**Provided records:**
=== Section Start ===

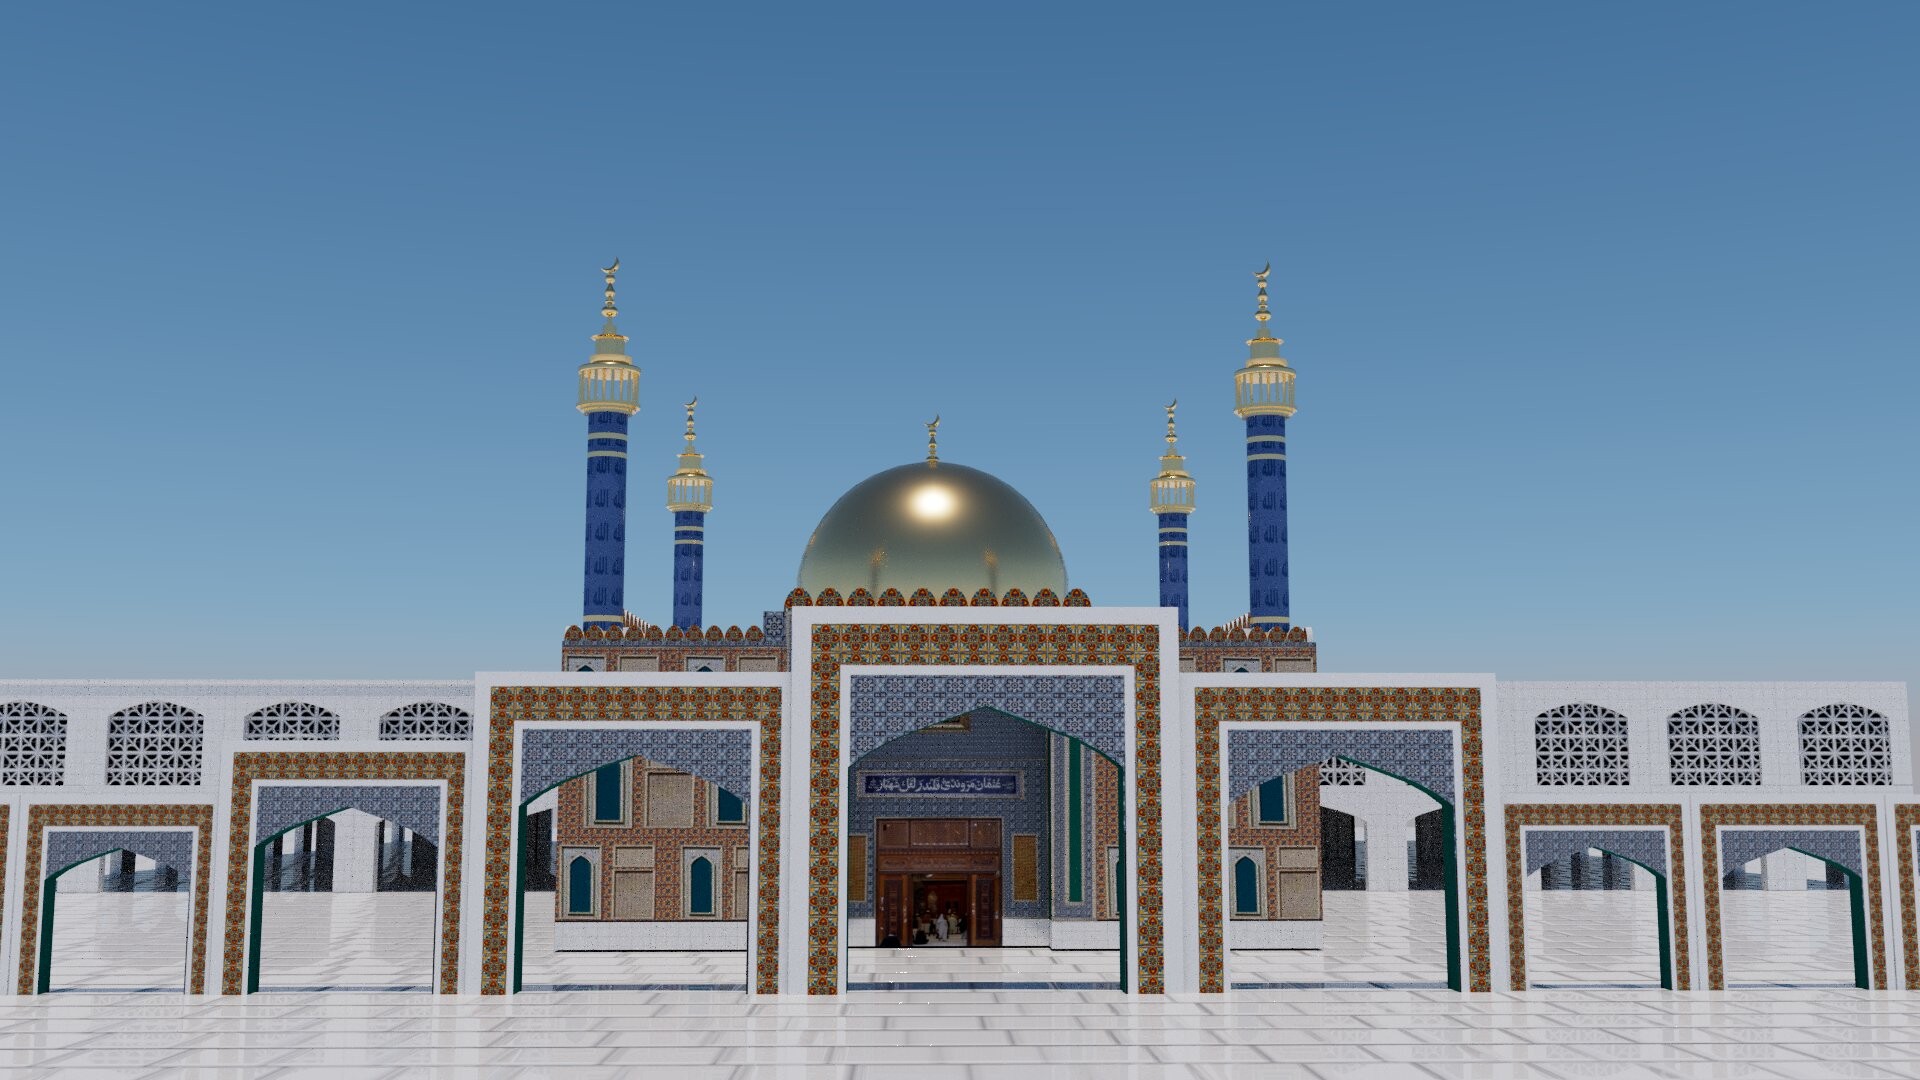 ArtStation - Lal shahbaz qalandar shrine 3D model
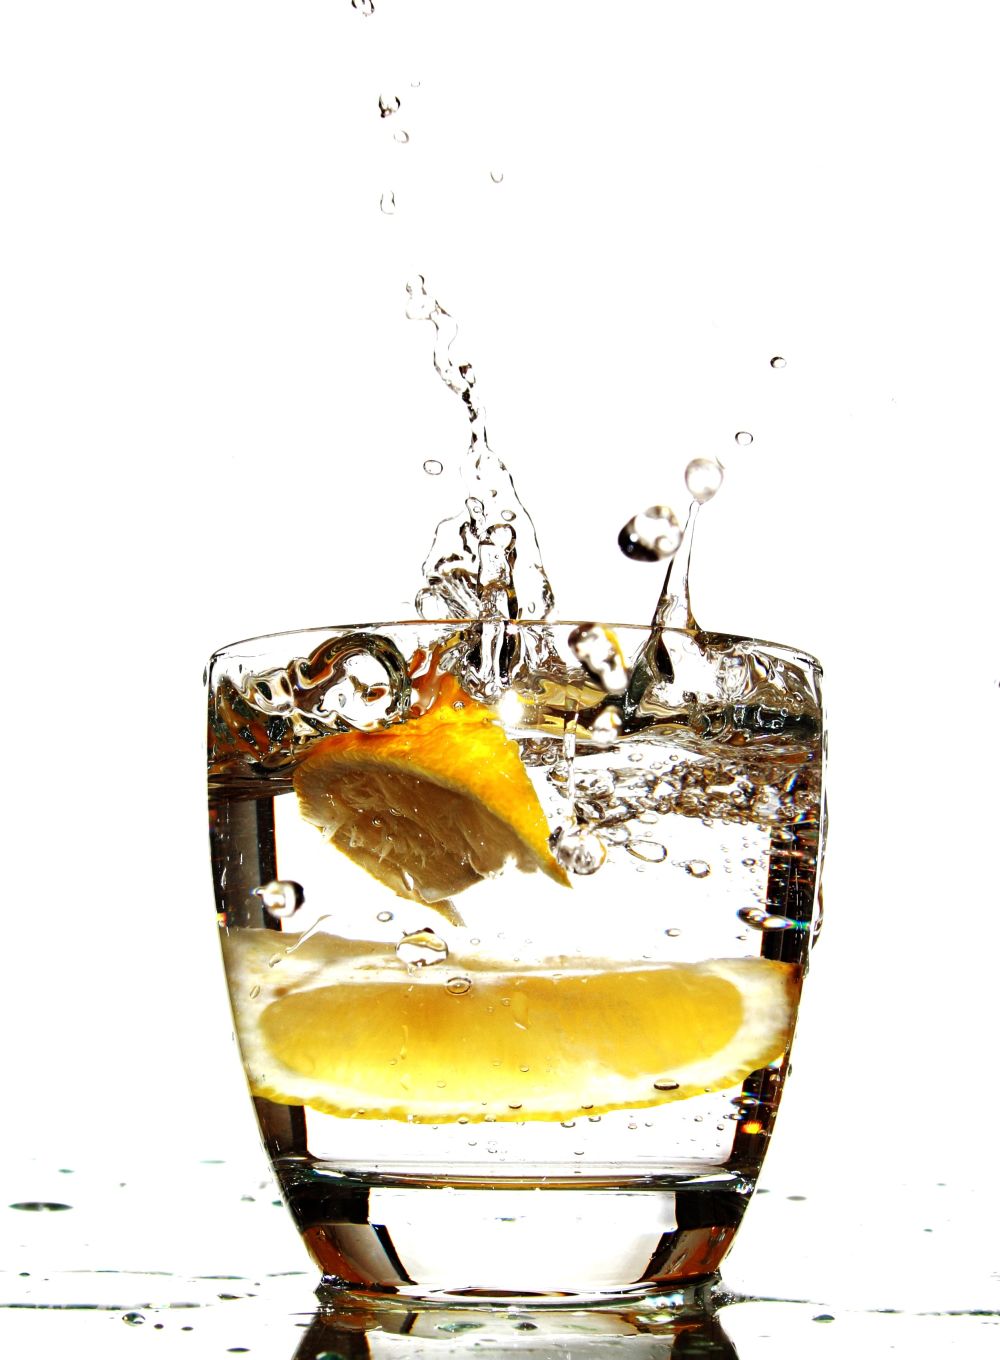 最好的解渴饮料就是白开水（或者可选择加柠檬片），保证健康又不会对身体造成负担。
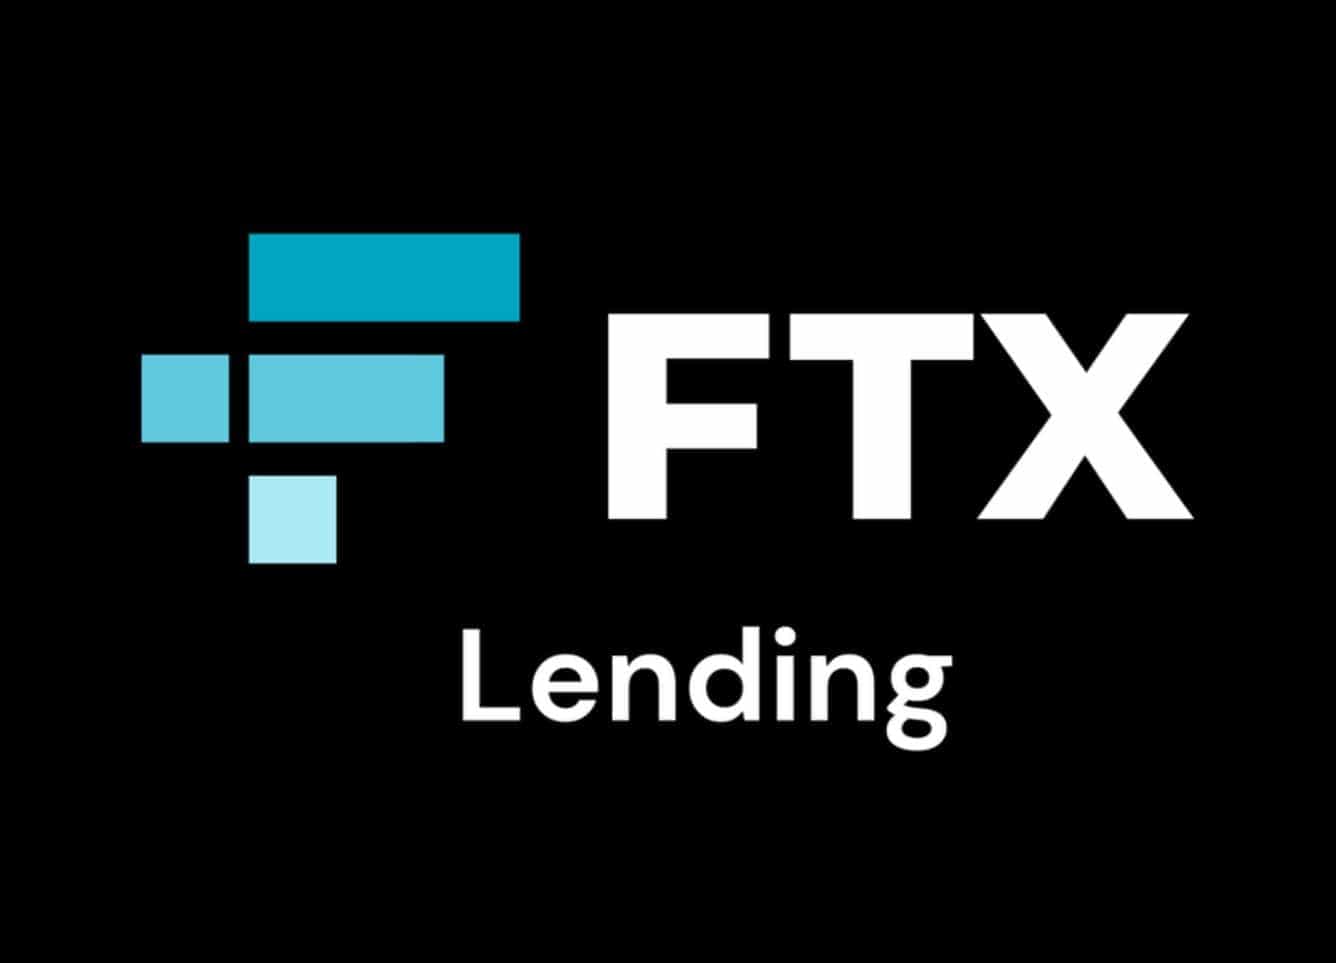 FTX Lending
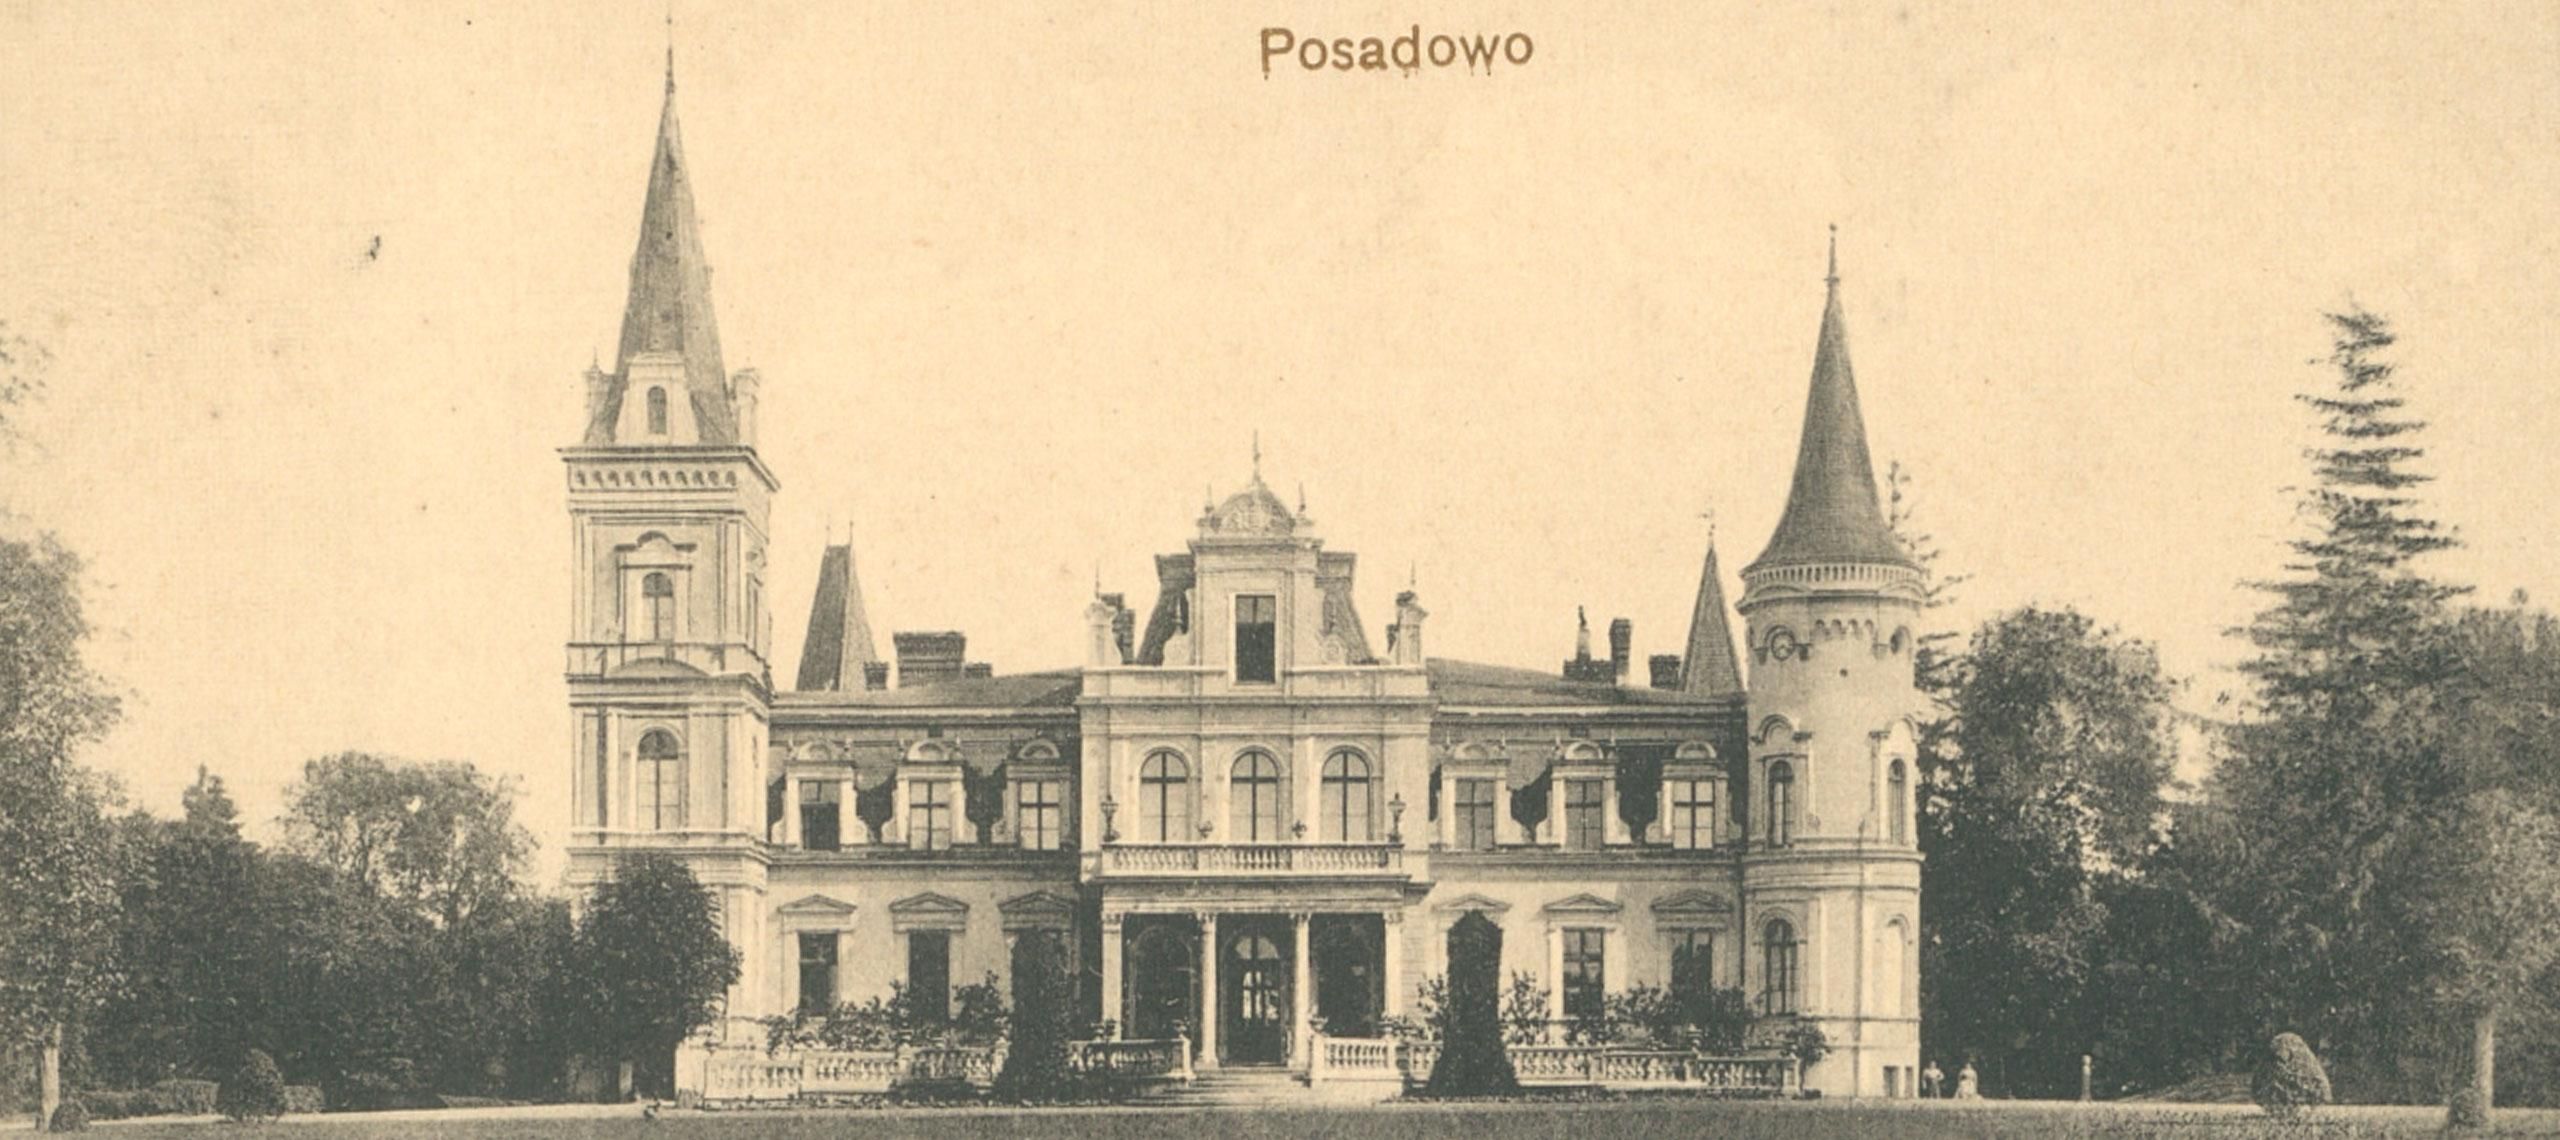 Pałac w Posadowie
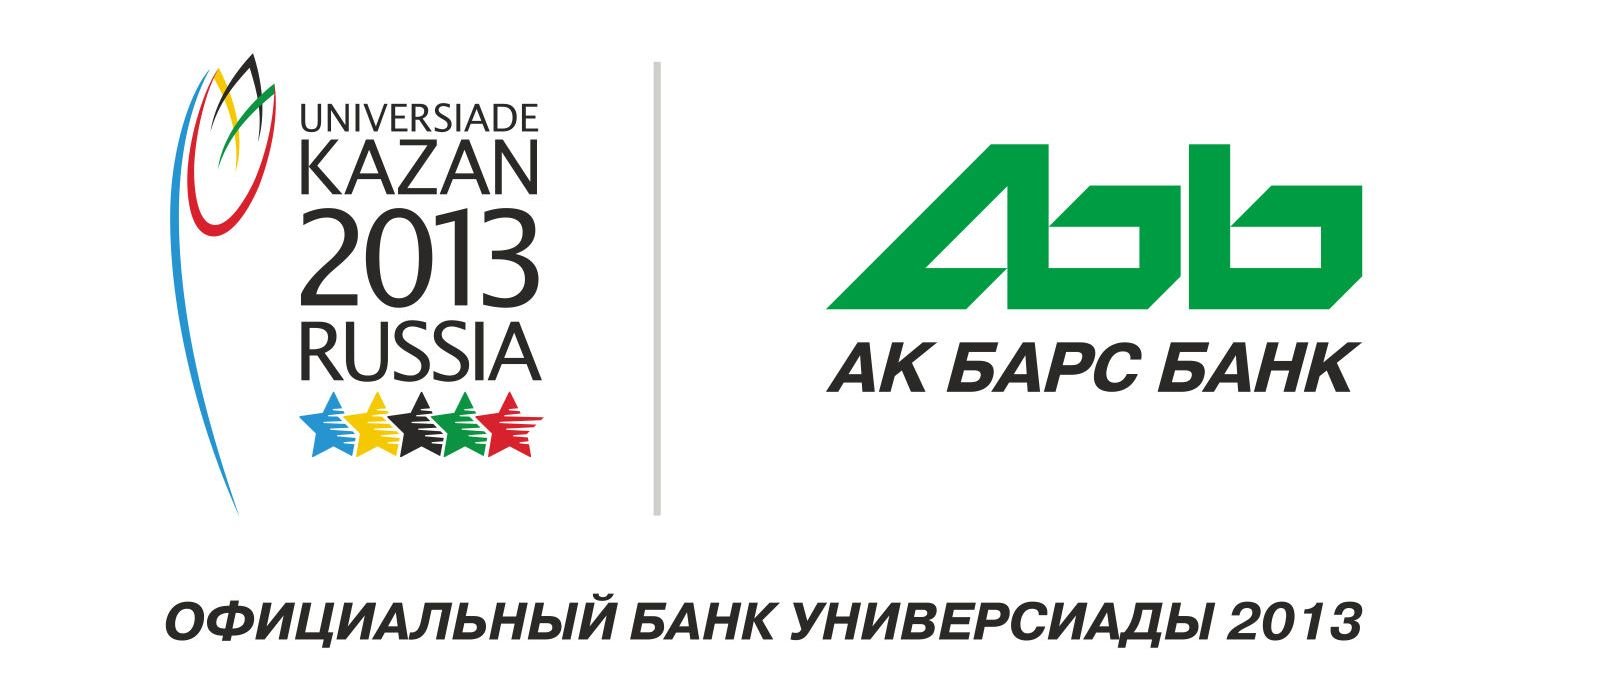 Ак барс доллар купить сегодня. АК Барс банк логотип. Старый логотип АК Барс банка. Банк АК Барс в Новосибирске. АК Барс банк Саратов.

=== Section End ===

**Task instructions:** Pictures are to be left out; please print the rest of the records above word for word.

**Answer to this task:**
 ArtStation - Lal shahbaz qalandar shrine 3D model
 最好的解渴饮料就是白开水（或者可选择加柠檬片），保证健康又不会对身体造成负担。
 FTX Lending
 Pałac w Posadowie
 Ак барс доллар купить сегодня. АК Барс банк логотип. Старый логотип АК Барс банка. Банк АК Барс в Новосибирске. АК Барс банк Саратов.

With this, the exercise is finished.